Rate limit DRF endpoint with redis working example

I will try to be as practical as possible in this article. for more theoretical information, you can use this DRF throttling guide

let’s consider that you have a Django Rest project up and running, and you want to rate limit an endpoint. for that, we will use DRF throttling classes, and we will need Redis to store the rate limit data.

Install Redis as cache backend for Django and DRF. I will use Rocky Linux 9 for this example.

1 Install Redis service

sudo yum install redis

2 Enable, Start and check the status of Redis

sudo systemctl enable redis

sudo systemctl start redis

sudo systemctl status redis

It should look like this:

next, we need to install the python client for Redis

3 Install Redis python client

pip install redis

4 Install Django Redis Cache Backend

pip install django-redis

5 enable django-redis cache

    CACHES = {
        'default': {
        'BACKEND': 'django_redis.cache.RedisCache',
        'LOCATION': 'redis://127.0.0.1:6379/',
        'OPTIONS': {
            'CLIENT_CLASS': 'django_redis.client.DefaultClient',
            }
        }
    }

6 enable DRF throttling

    REST_FRAMEWORK = {
        'DEFAULT_THROTTLE_CLASSES': [
        'rest_framework.throttling.ScopedRateThrottle',
        ],
        'DEFAULT_THROTTLE_RATES': {
        'hi': '60/minute',
        },
        ...
    }

7 identify the endpoint you want to rate limit.
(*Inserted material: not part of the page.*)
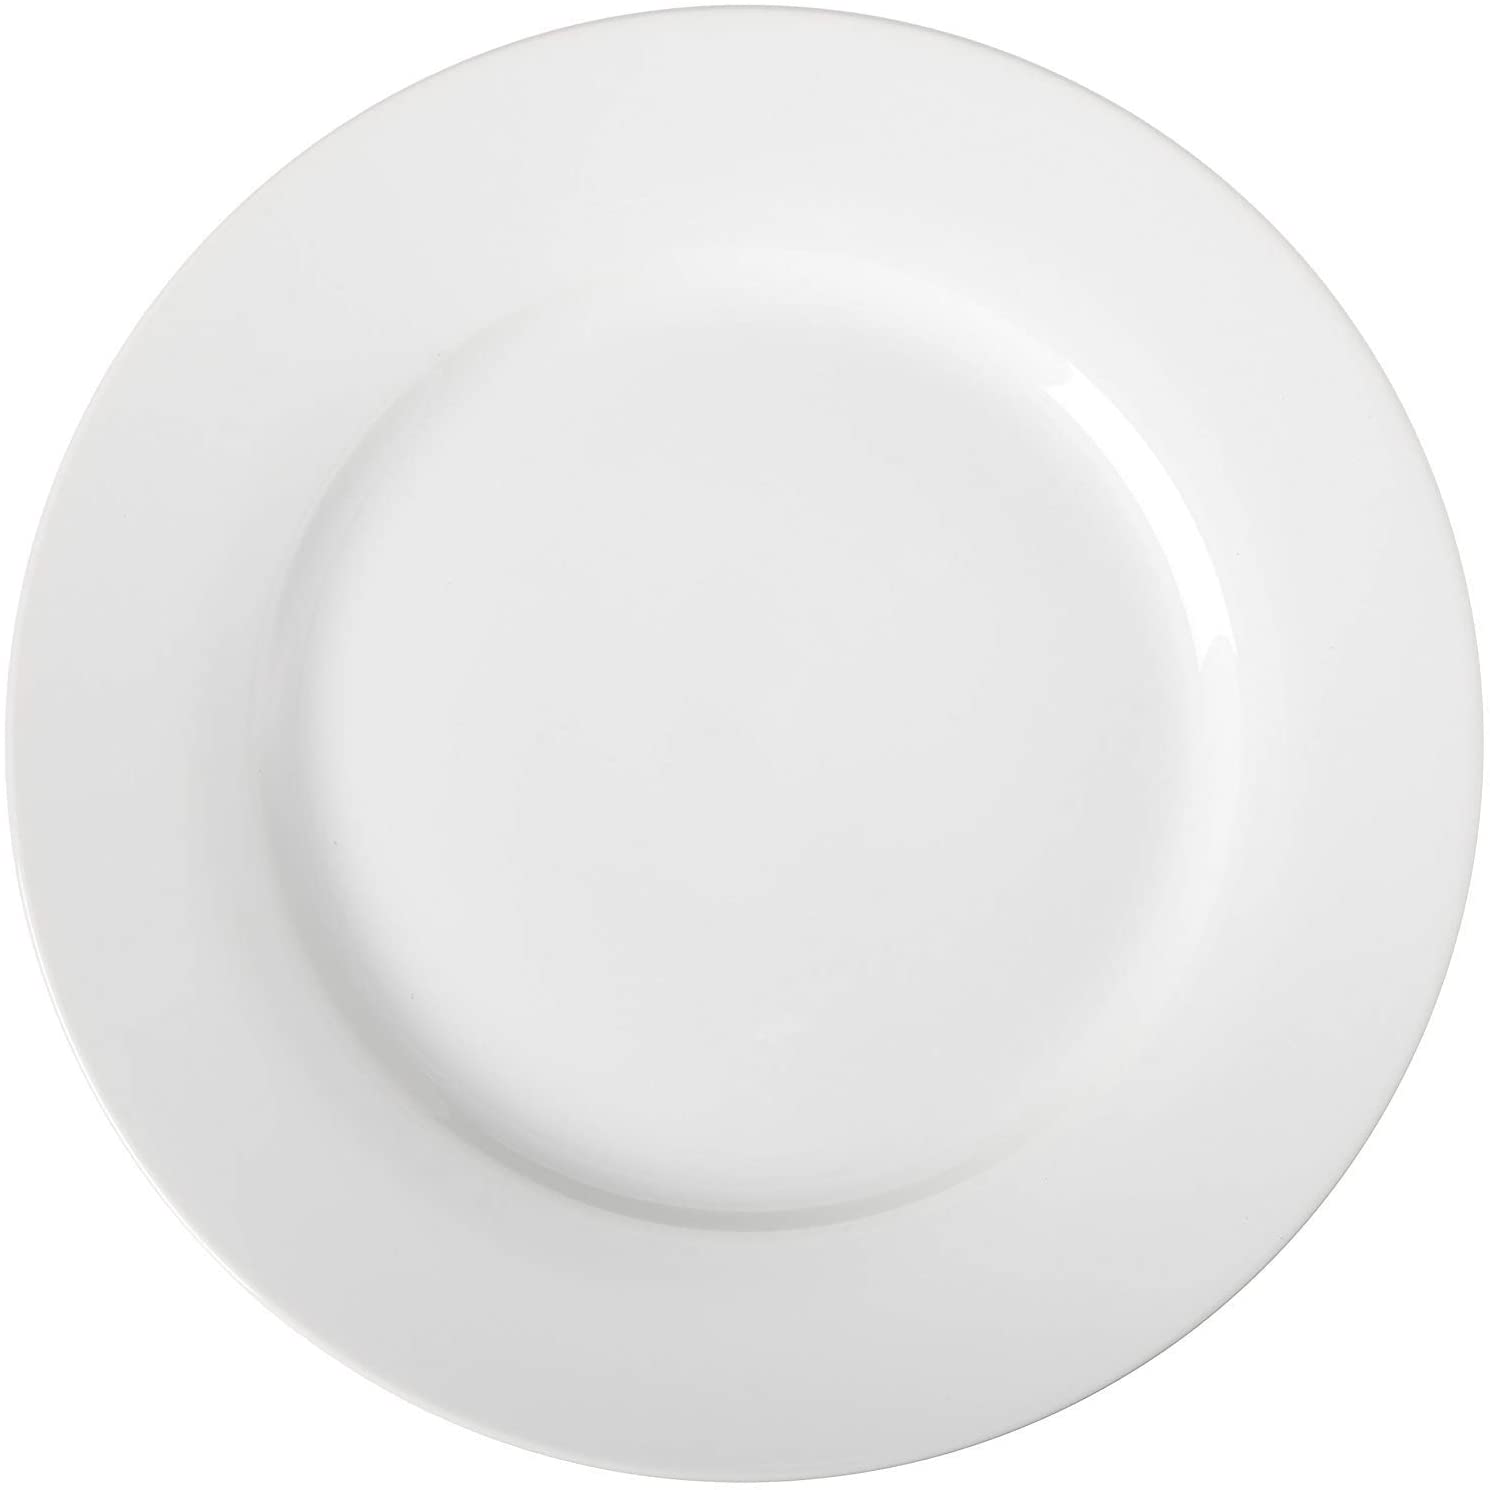 AmazonBasics Amazon Basics Dinner plate service 10.5 inches - 6 pieces

    class HelloView(APIView):
        permission_classes = (AllowAny,)
        throttle_scope = 'hi' # this is the scope name we defined in settings.py 

        def get(self, request):
            content = {"msg": "Hello Hello!"}
            return JsonResponse(content, safe=False)

8 Test Functionality

request_count = 101
url = "https://endpoint:8000/hi/"
headers = {"Content-Type": "application/json"}
for _ in range(request_count):
    response = requests.request("GET", url, headers=headers, data={})
    print(response.text,response.status_code)
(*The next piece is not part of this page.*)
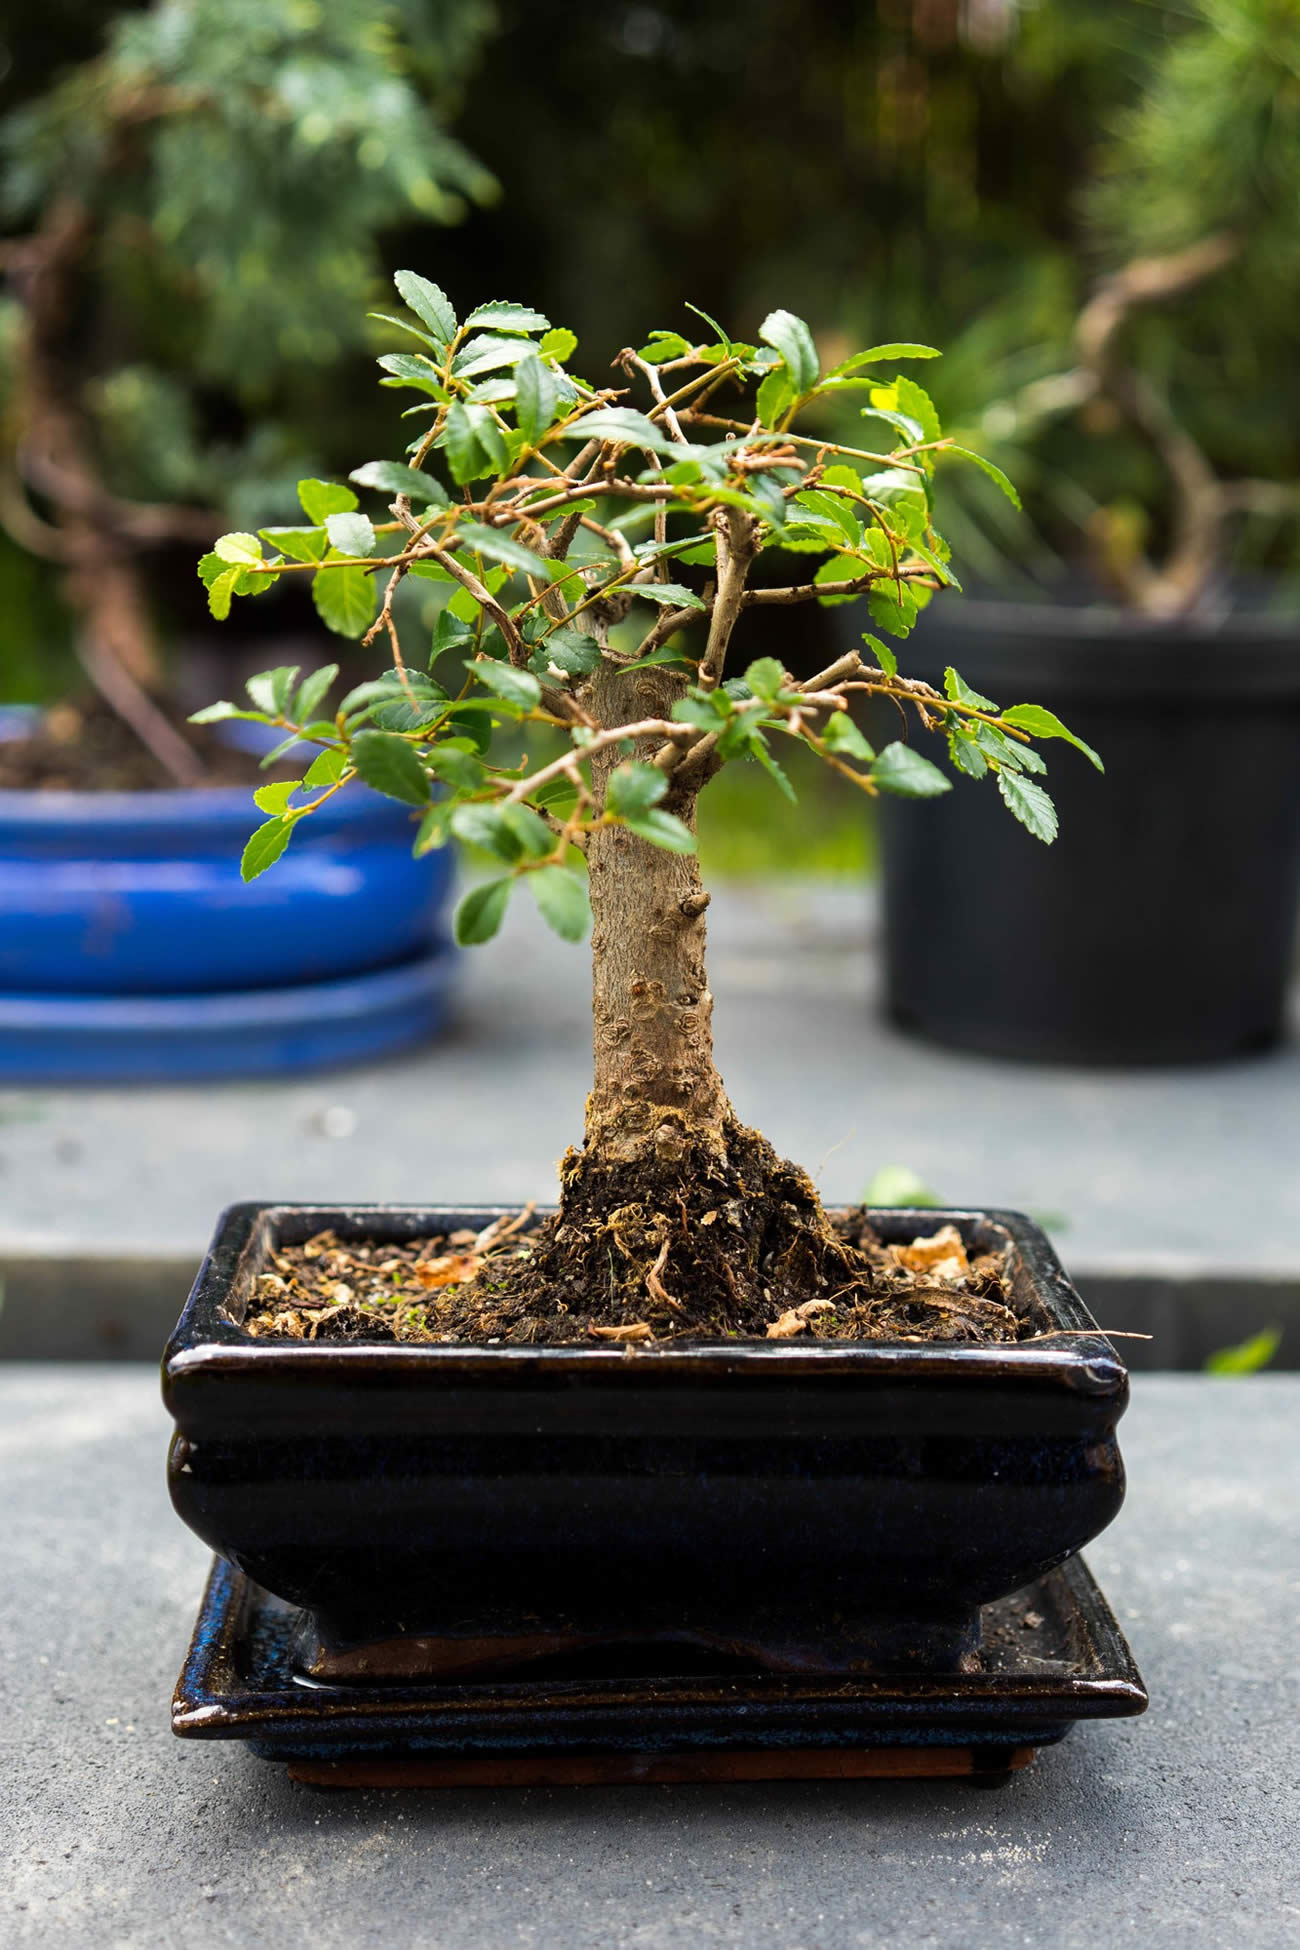 How Long Does A Bonsai Tree Take To Grow?

In my case, hi endpoint responds with a simple “msg”: “Hello Hello!” message. let’t use this simple for loop to send 101 requests to this endpoint and see when drf will notify us about limit.
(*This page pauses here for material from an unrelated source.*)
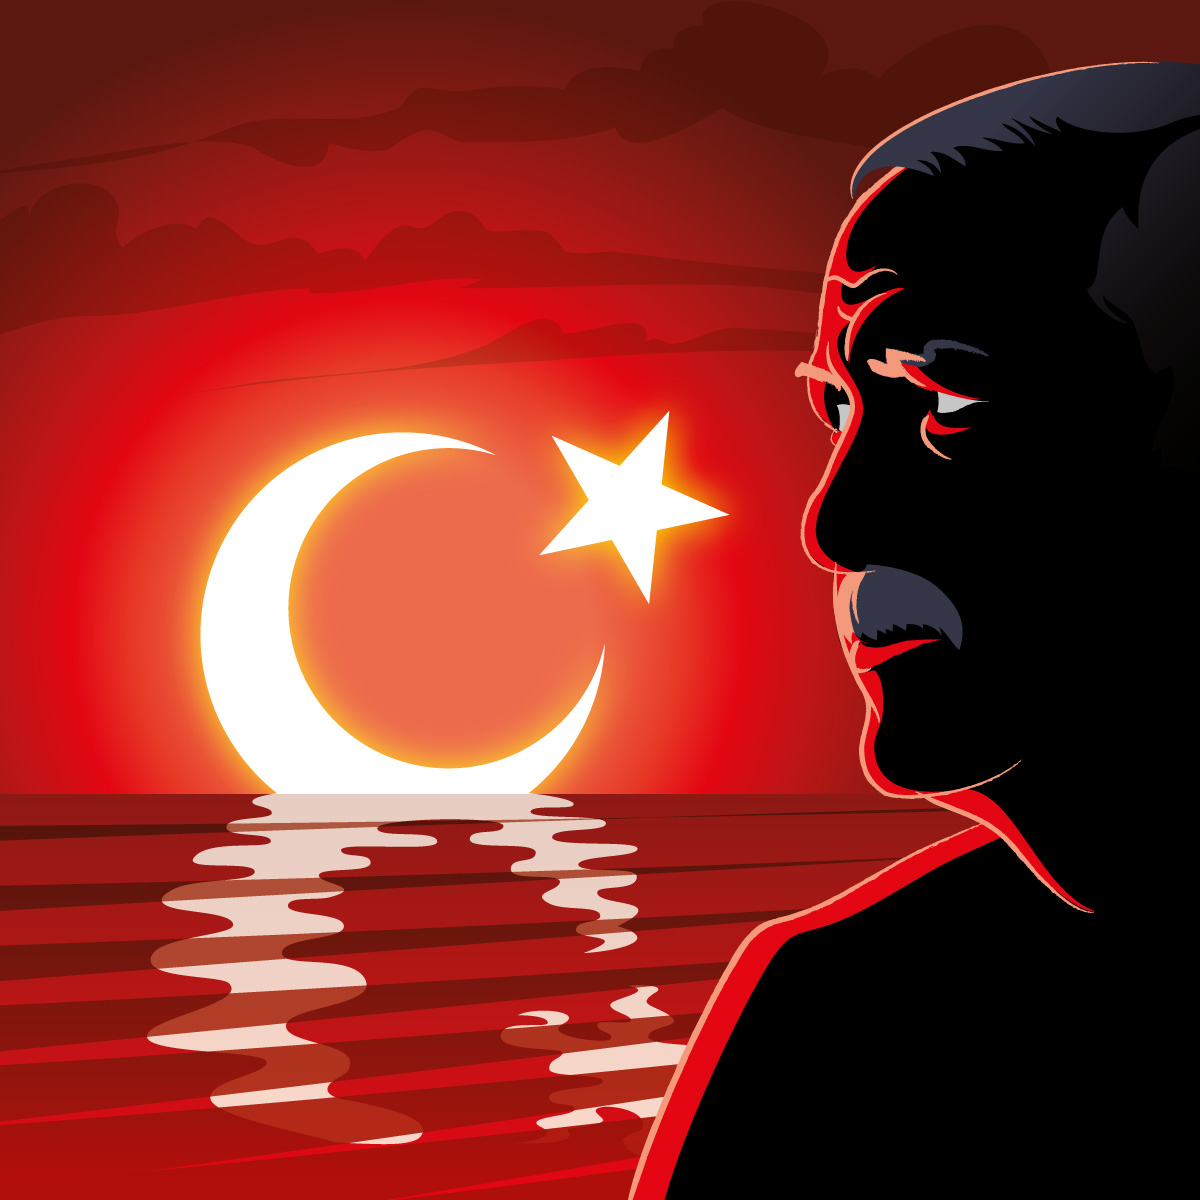 Turkish moonset - Recep Tayyip Erdogan illusration

when we reach the limit, drf will respond with a 429 status code and a message like this:

9 Conclusion

this is one of the simplest ways to rate limit an endpoint in DRF. sometimes this is not enough, and you need to have more control over the rate limit.

there is a more advanced way to do this using the Redis and leacky bucket algorithm. I will write about it in the near future.

I hope this article was helpful to you.